Dataset excerpt:
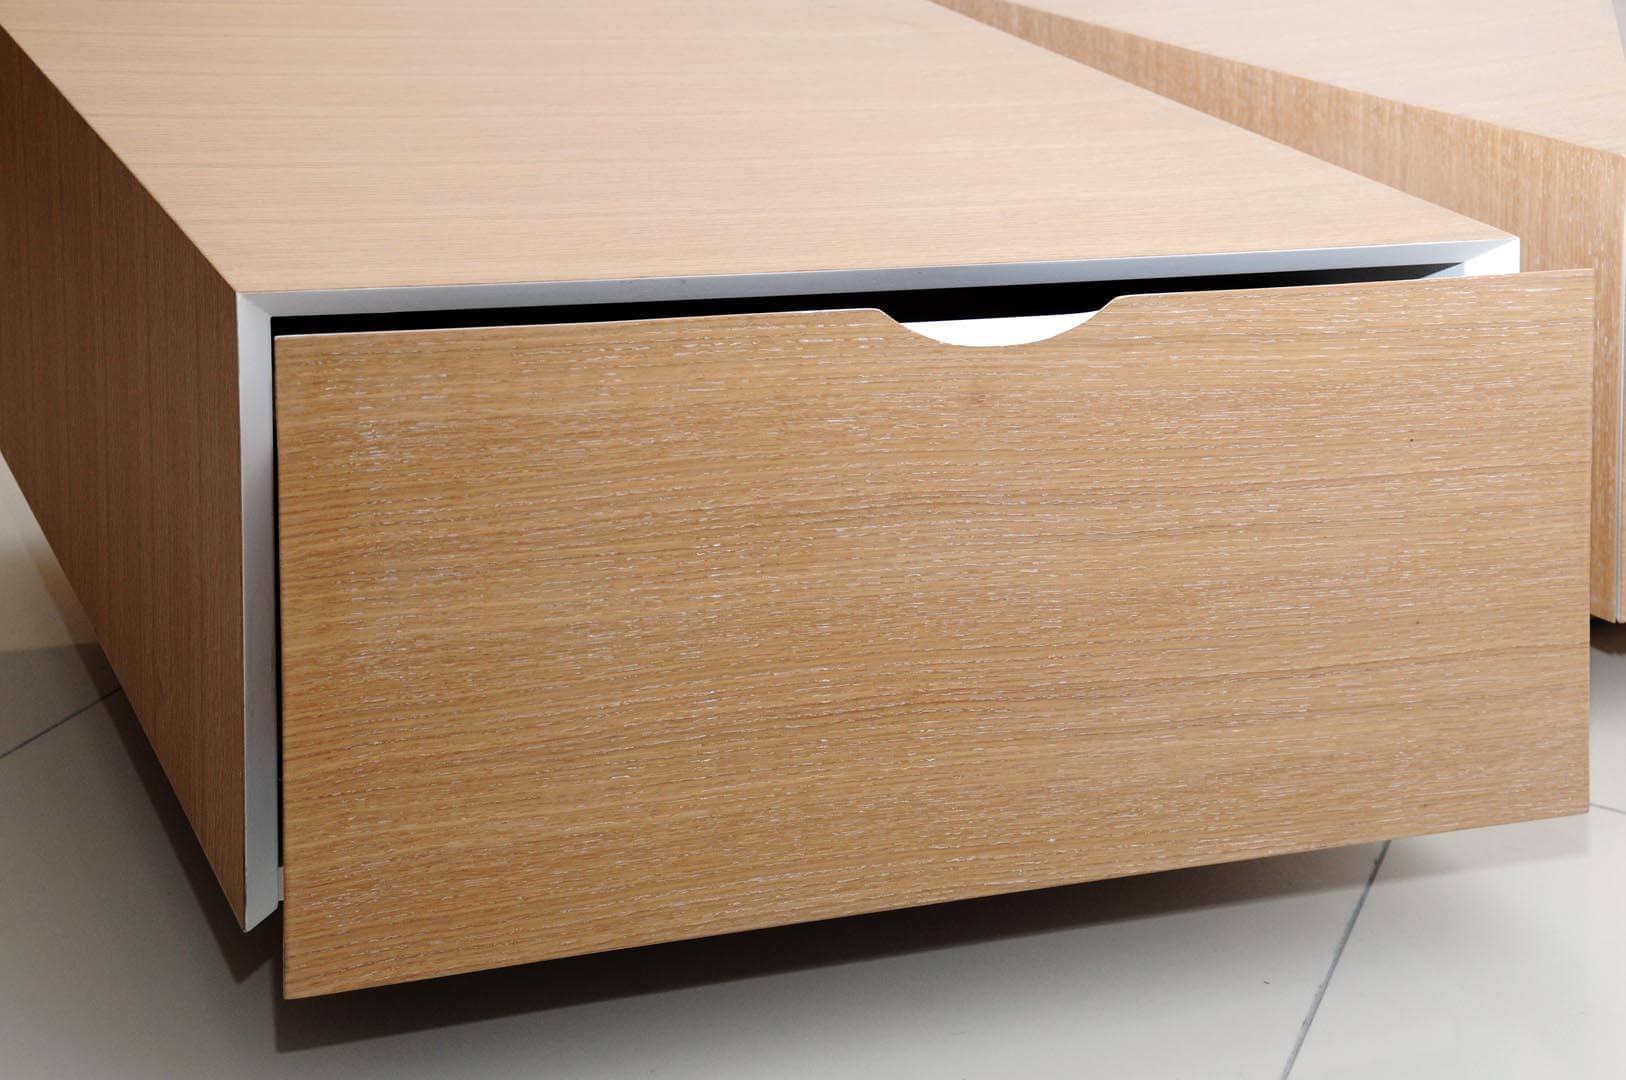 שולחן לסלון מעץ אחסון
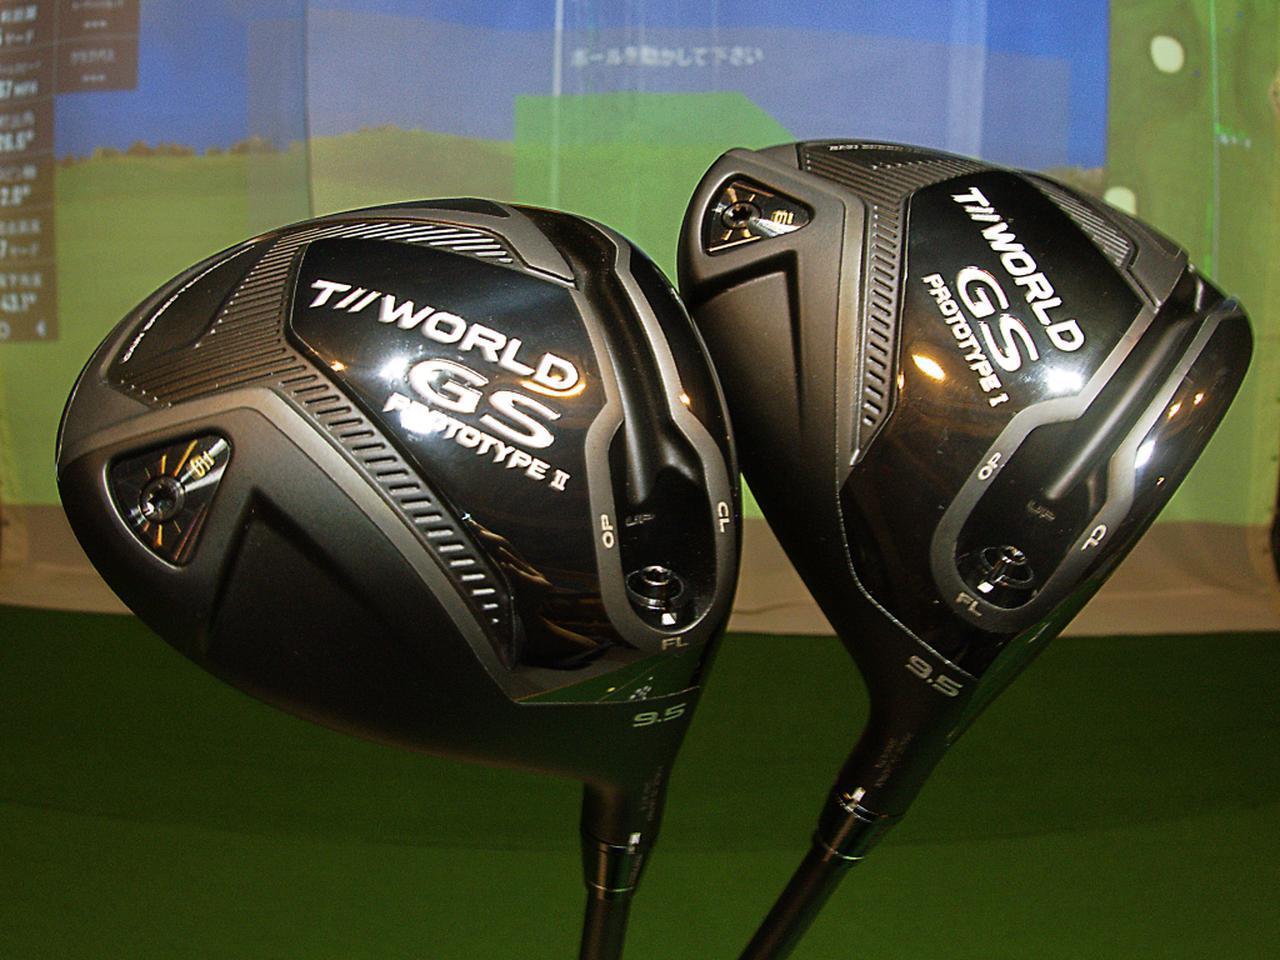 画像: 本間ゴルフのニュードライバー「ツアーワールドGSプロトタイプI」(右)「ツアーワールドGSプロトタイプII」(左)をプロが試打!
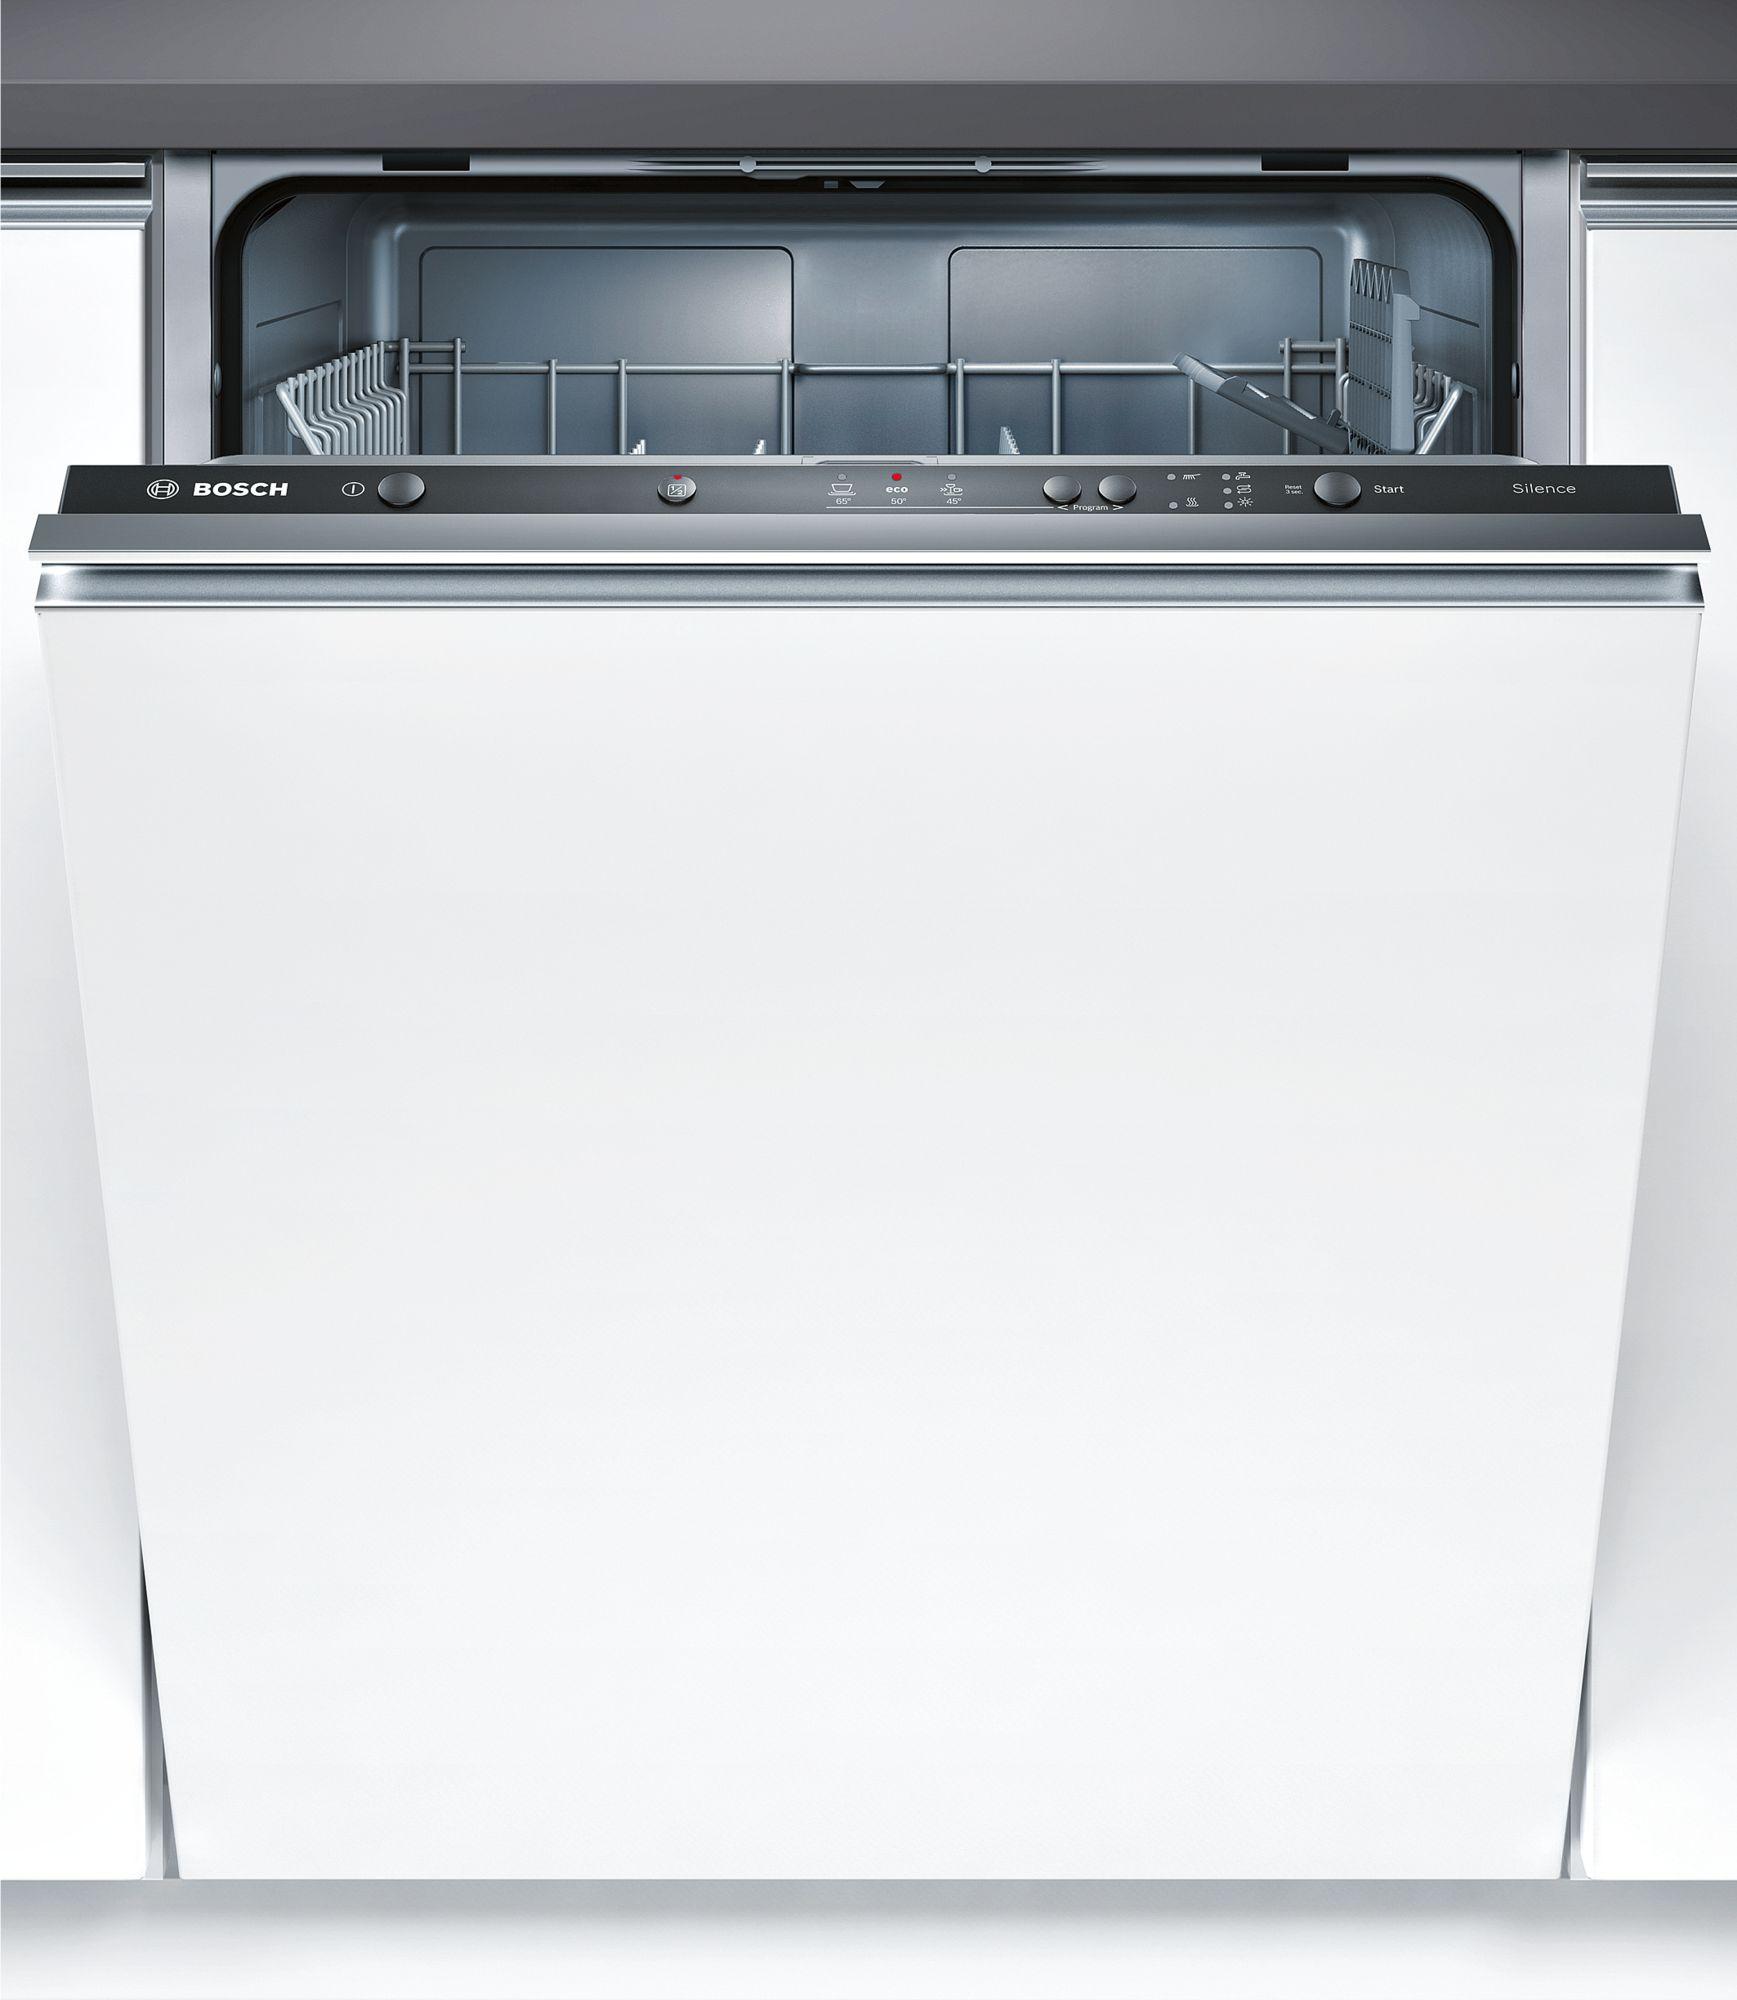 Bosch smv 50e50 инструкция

Task requirements: In the listing, find the line with "画像: 本間ゴルフのニュード" and retype exactly from there through the last line, both included, leaving the pictures out.

Your solution:
 画像: 本間ゴルフのニュードライバー「ツアーワールドGSプロトタイプI」(右)「ツアーワールドGSプロトタイプII」(左)をプロが試打!
 Bosch smv 50e50 инструкция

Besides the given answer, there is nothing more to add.